Perhaps the most disturbing aspect of the push for unisex toilets is how women who feel uncomfortable with their spaces being given over to men (and it is almost always the women’s facilities that become unisex, not the men’s) are treated. Accusations of transphobia are thrown around like confetti and women are told that they need to be educated out of their boundaries. Girls who feel uncomfortable with biological males in their spaces are the ones who need to be removed, not the male.

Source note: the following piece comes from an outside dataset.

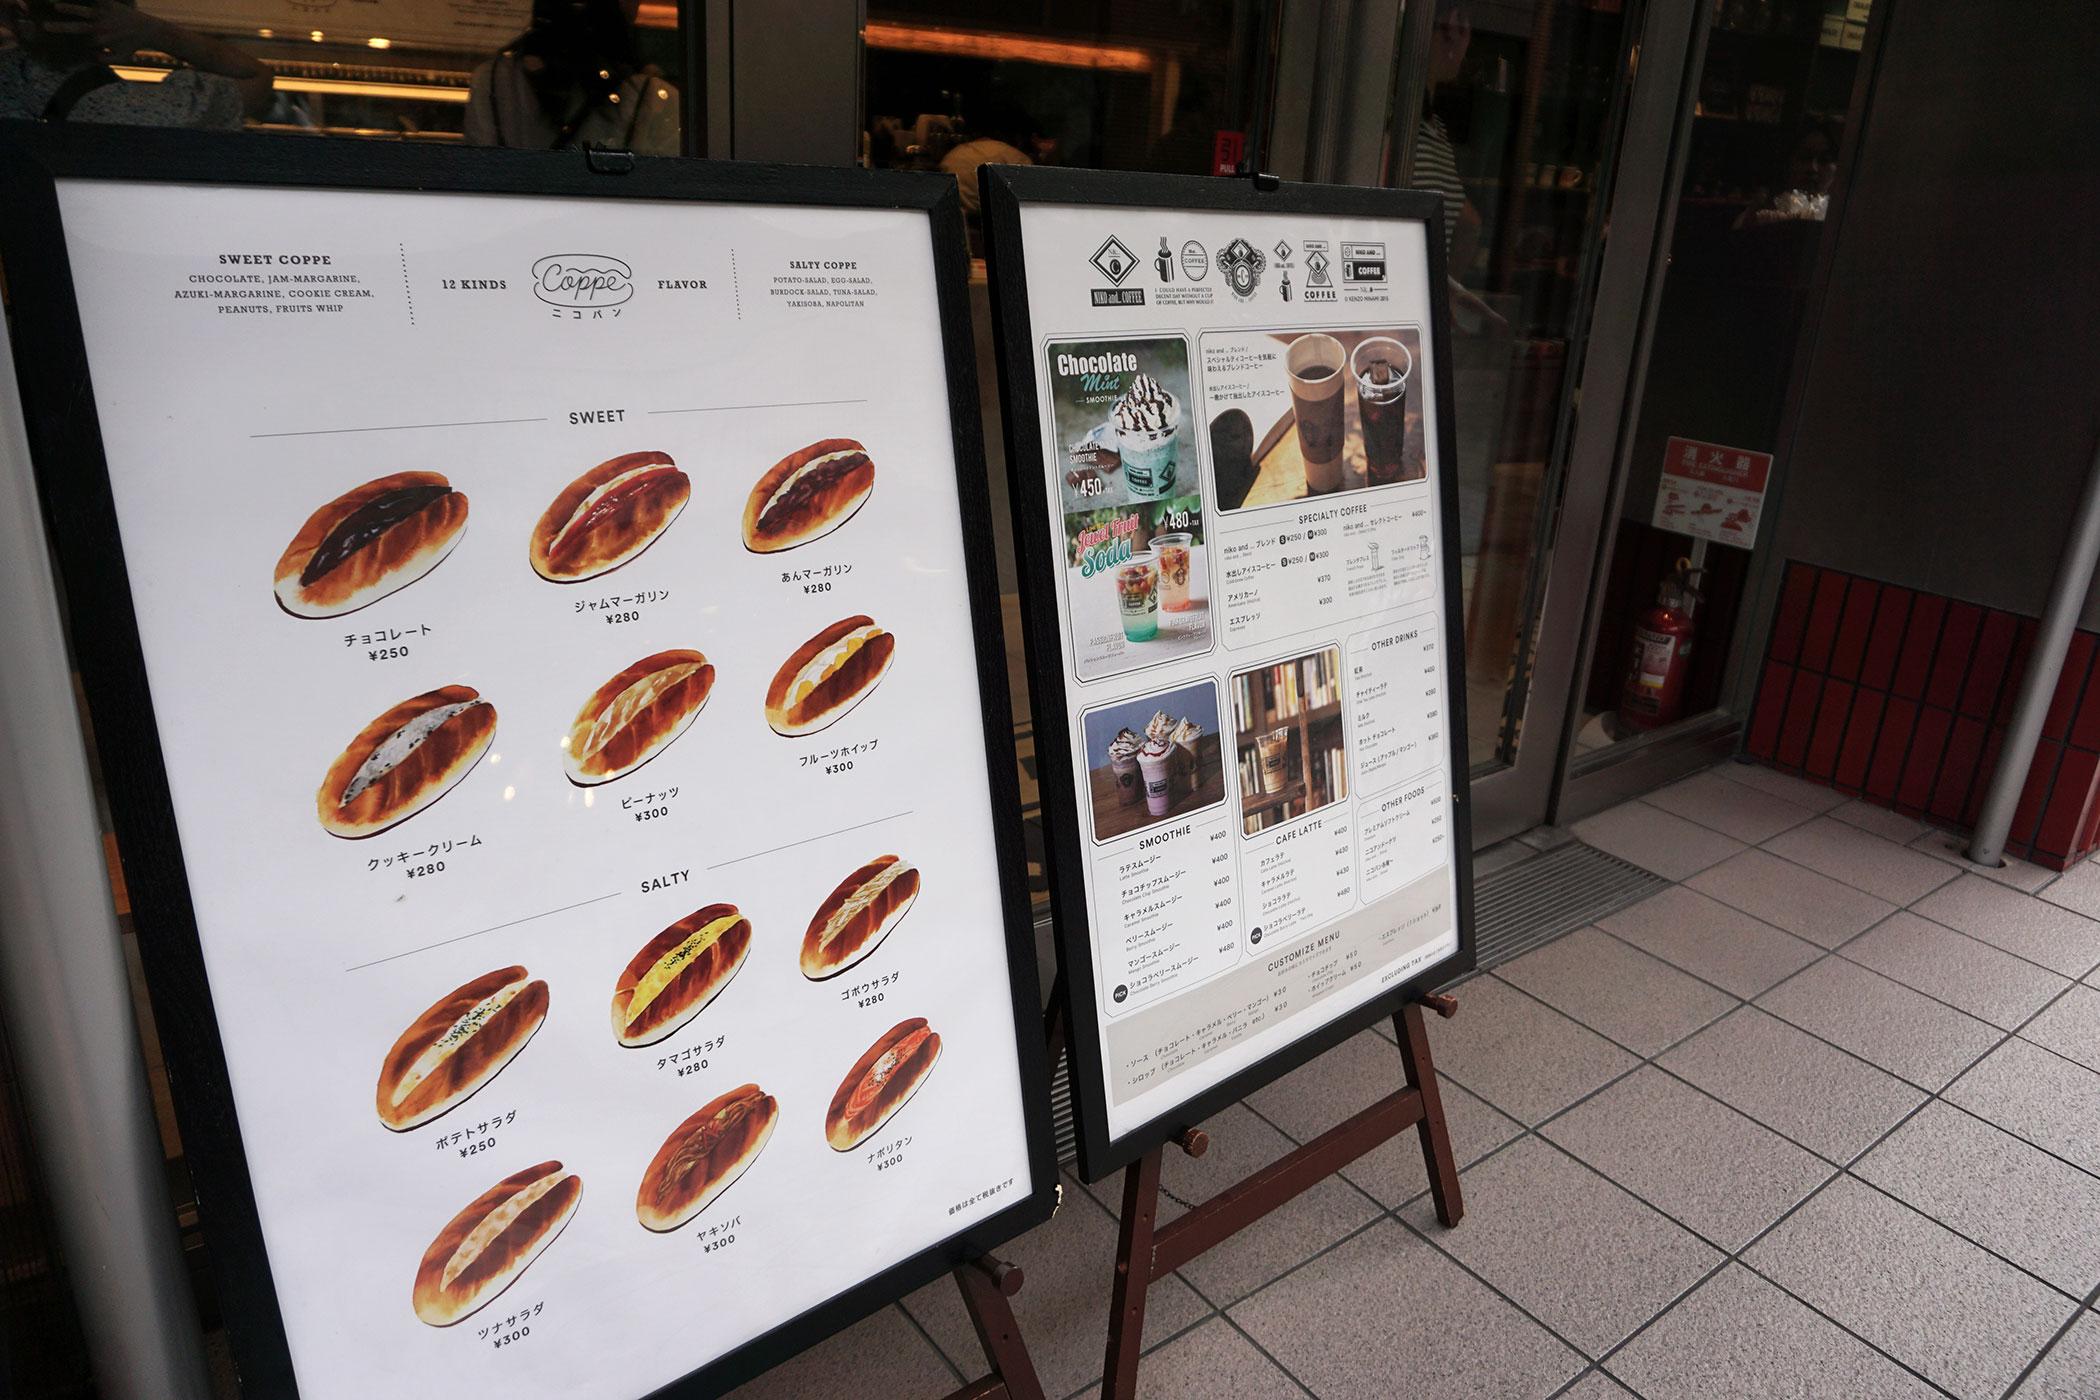 niko and … COFFEE HEP FIVE店 カフェもメンズもウィメンズも…なんだ誰でも楽しめるじゃん!

Women with concerns about the presence of men who self-identify as women in their spaces are continually reminded that men who want to attack women will not be stopped by a prohibition on them using female spaces. The idea that women, who have to live with the constant knowledge of their vulnerability to male violence, do not understand this is simply astounding. Of course women know that the provision of single-sex facilities does not rule out assault. However, what it does is provide women with the power to police their spaces, to call out any men present and to expect authorities to act when men violate the rules. The astonishing number of men who argued that it was perfectly acceptable for a man to film himself masturbating in a toilet cubicle whilst at work is yet another reason why women need to be able to rely on single-sex spaces.

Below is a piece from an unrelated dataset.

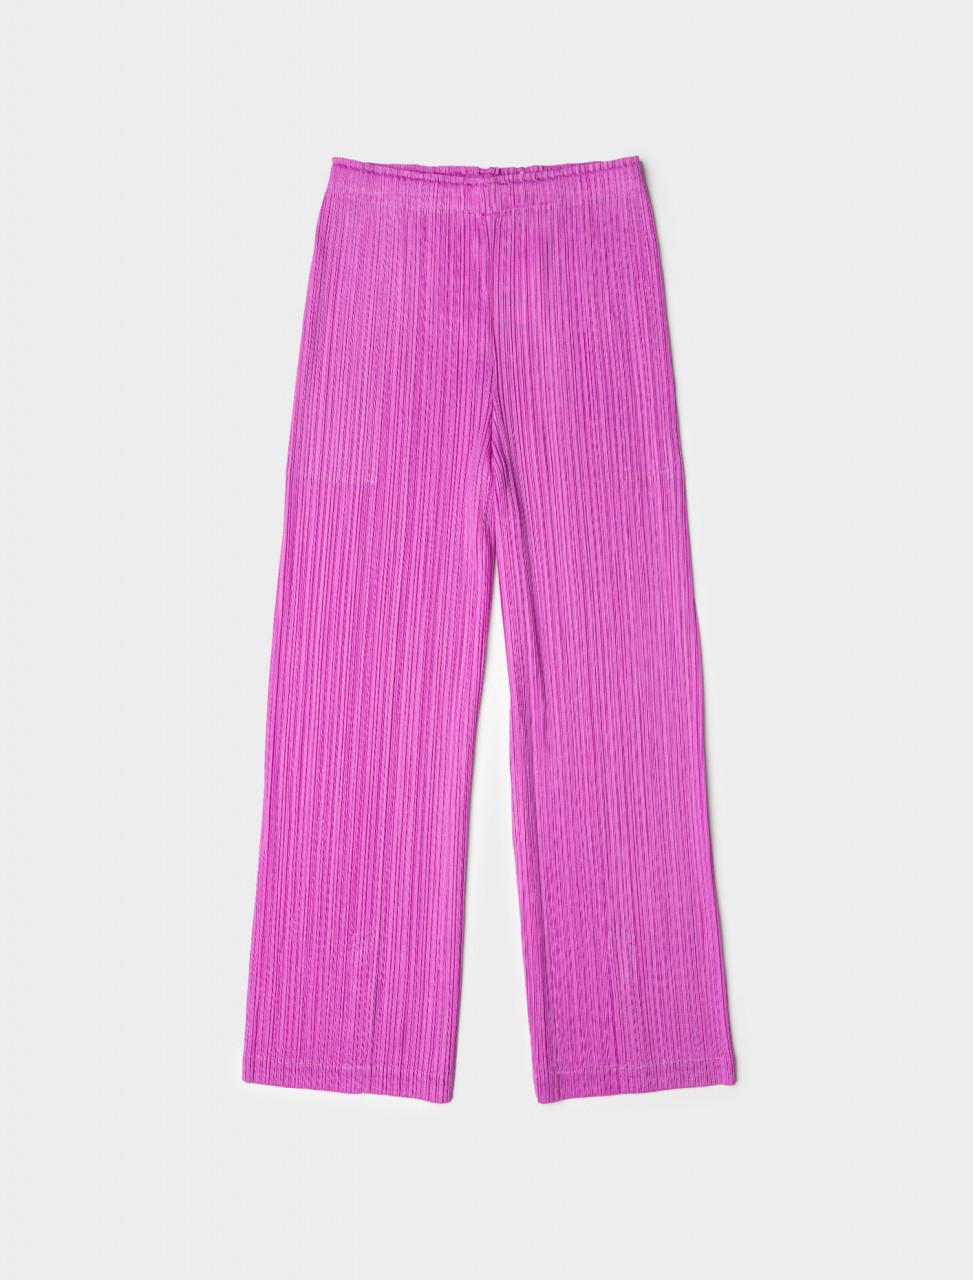 Pleated Trousers in Fuchsia

Women are also often told that abuse of self-identification does not and will not happen. Women with concerns are not claiming that all transwomen are sexual predators. They are concerned that some transwomen may be offenders, such as in this disturbing case in Scotland, or that men will take advantage of the inability of anyone to challenge their self-identification in order to gain access to women’s spaces. Men have joined the priesthood or become teachers in order to abuse, is it so difficult to imagine them uttering the words ‘I feel like a woman’ in order to insinuate themselves into women’s spaces?

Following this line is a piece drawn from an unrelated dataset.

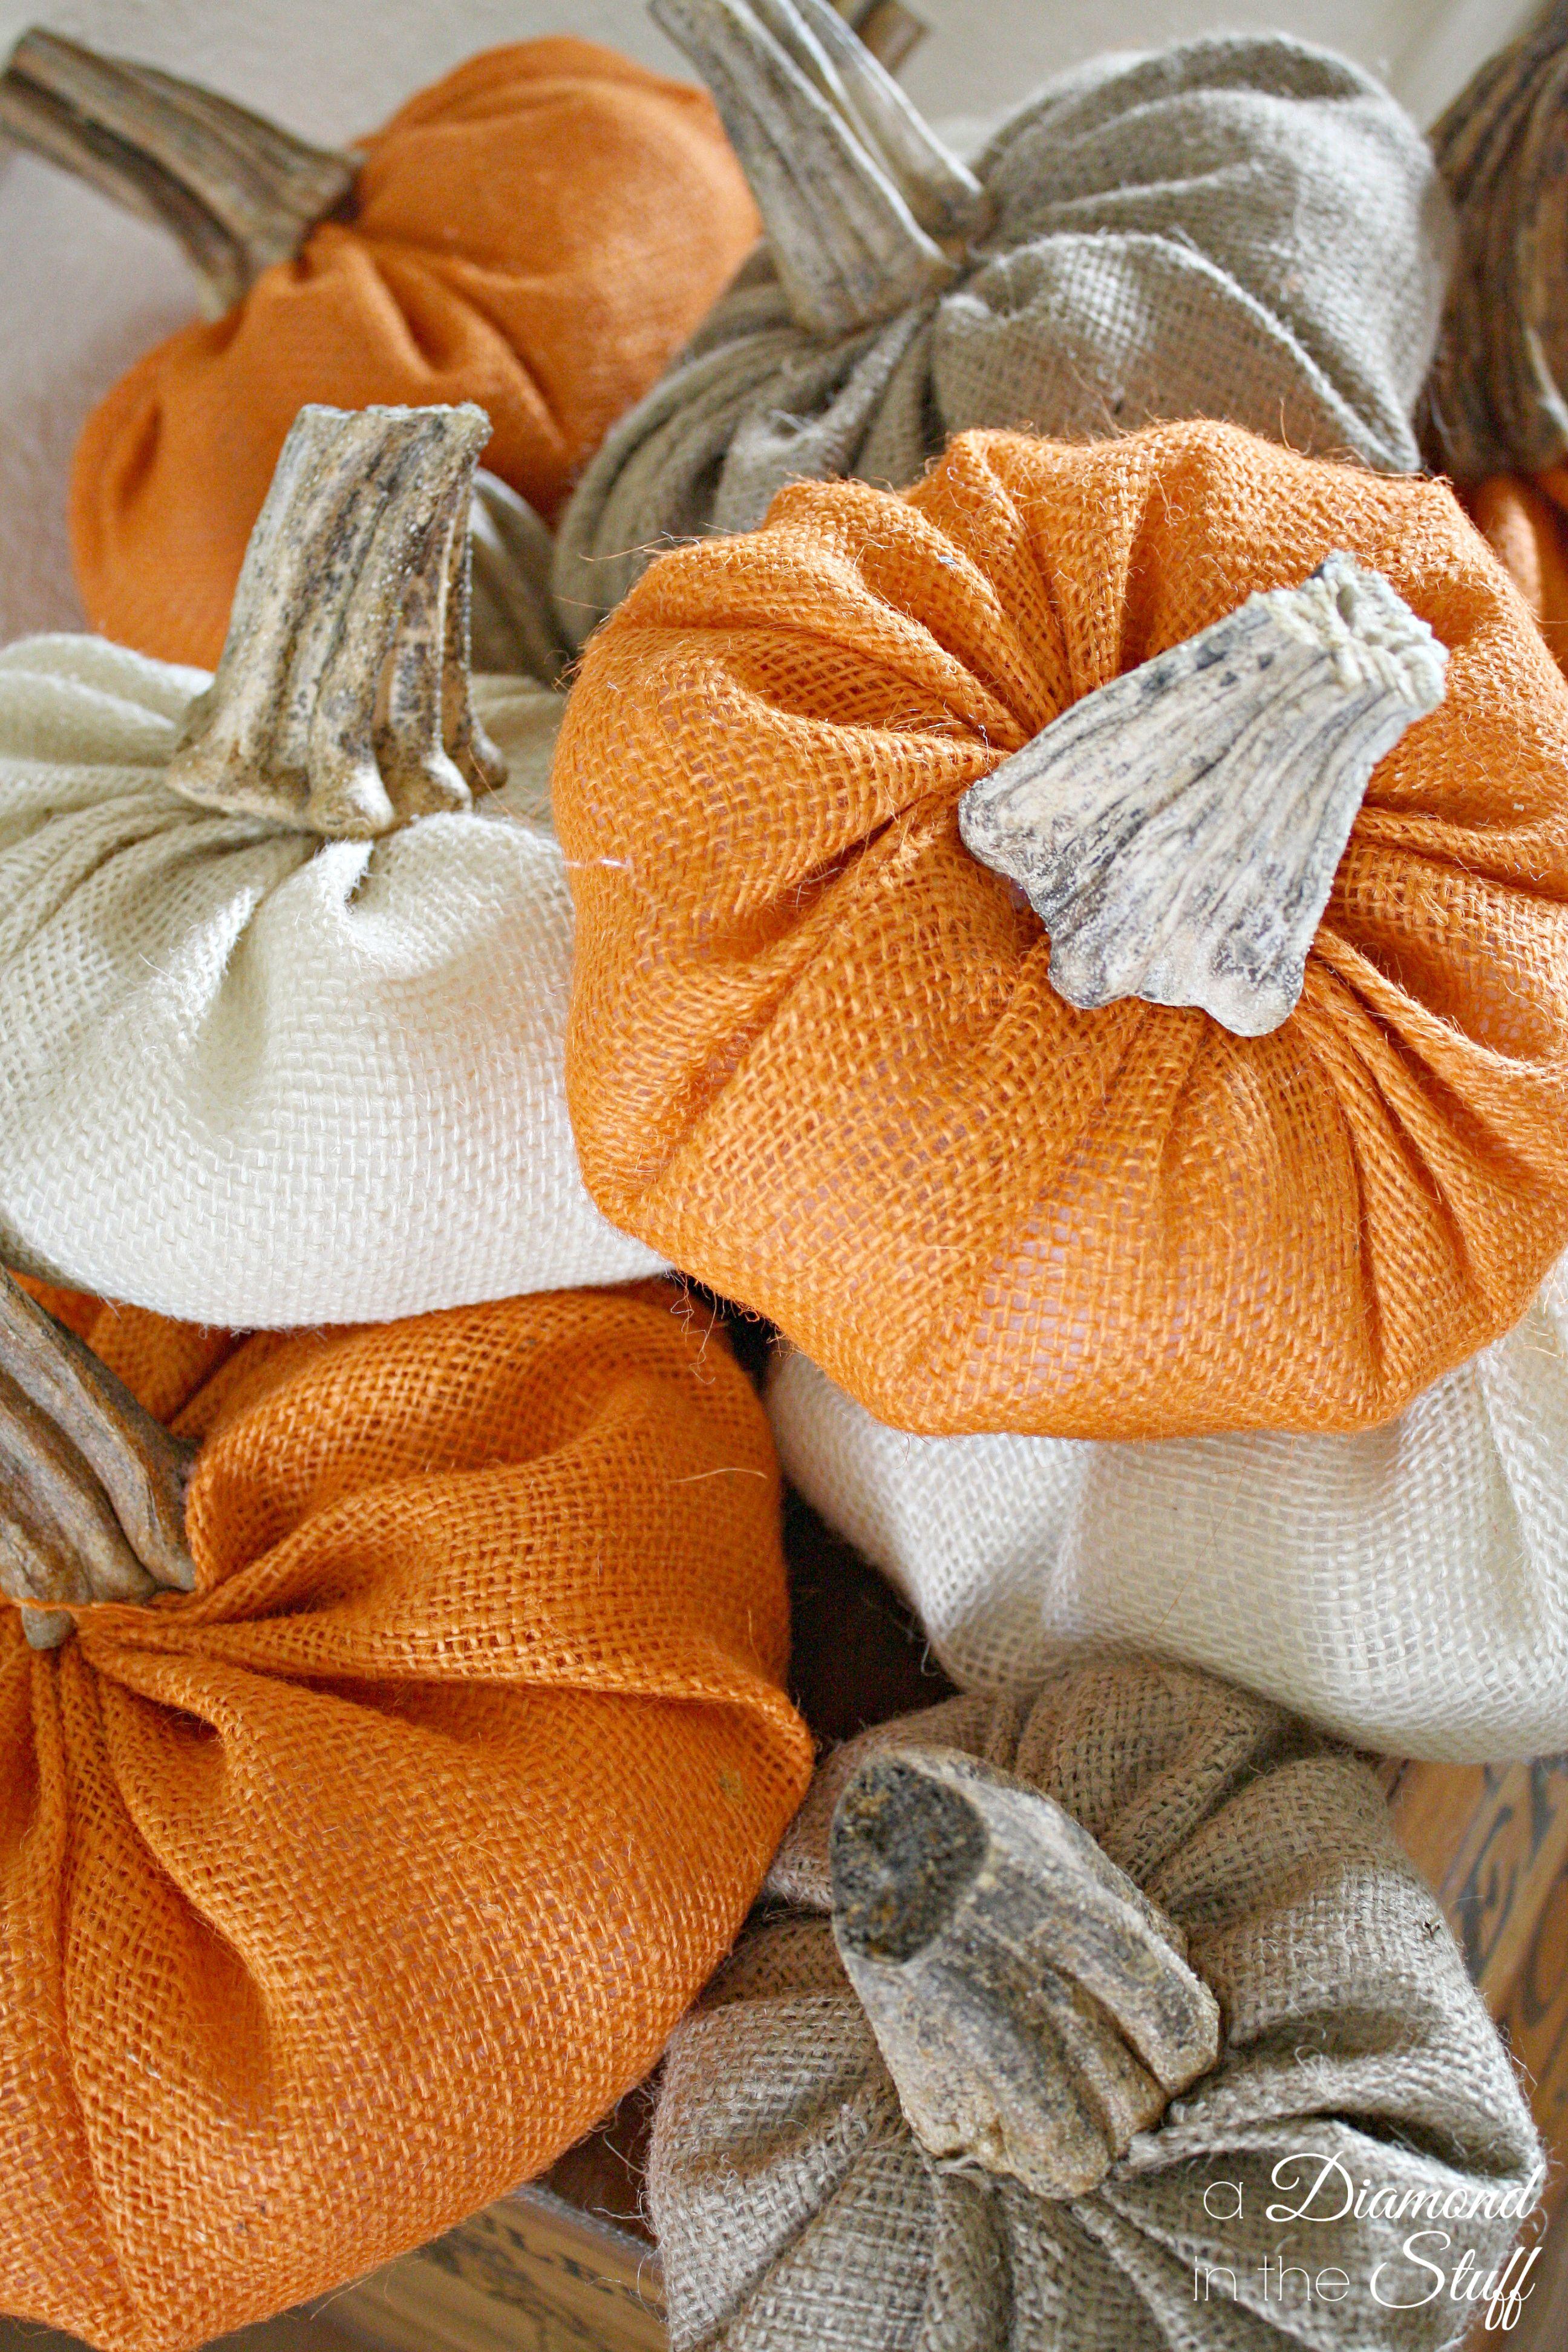 Pumpkin stems for crafts - Pumpkin Stems For Crafts 9

Women’s public toilets are not just political in the twenty-first century. They have always been political. The failure to provide facilities in the Victorian period was partly a deliberate ploy to keep women out of public life. Similarly, in the present day, the thrust to remove women’s rights to single-sex spaces is in part a misogynistic pushback of women’s rights. Preventing women from challenging this assault on their rights with accusations of transphobia and threats of violence is bound to lead to some women, often already marginalised, feeling that they have no choice but to stop using public facilities such as toilets and changing rooms. This will again have the effect of confining women to the private sphere and keeping the public sphere for men and those men who identify as women. That this is considered acceptable collateral damage in the push for self-identification should be a wake-up call. Women’s rights and spaces were hard won by women, and they should not be sacrificed for men, no matter how they claim to feel.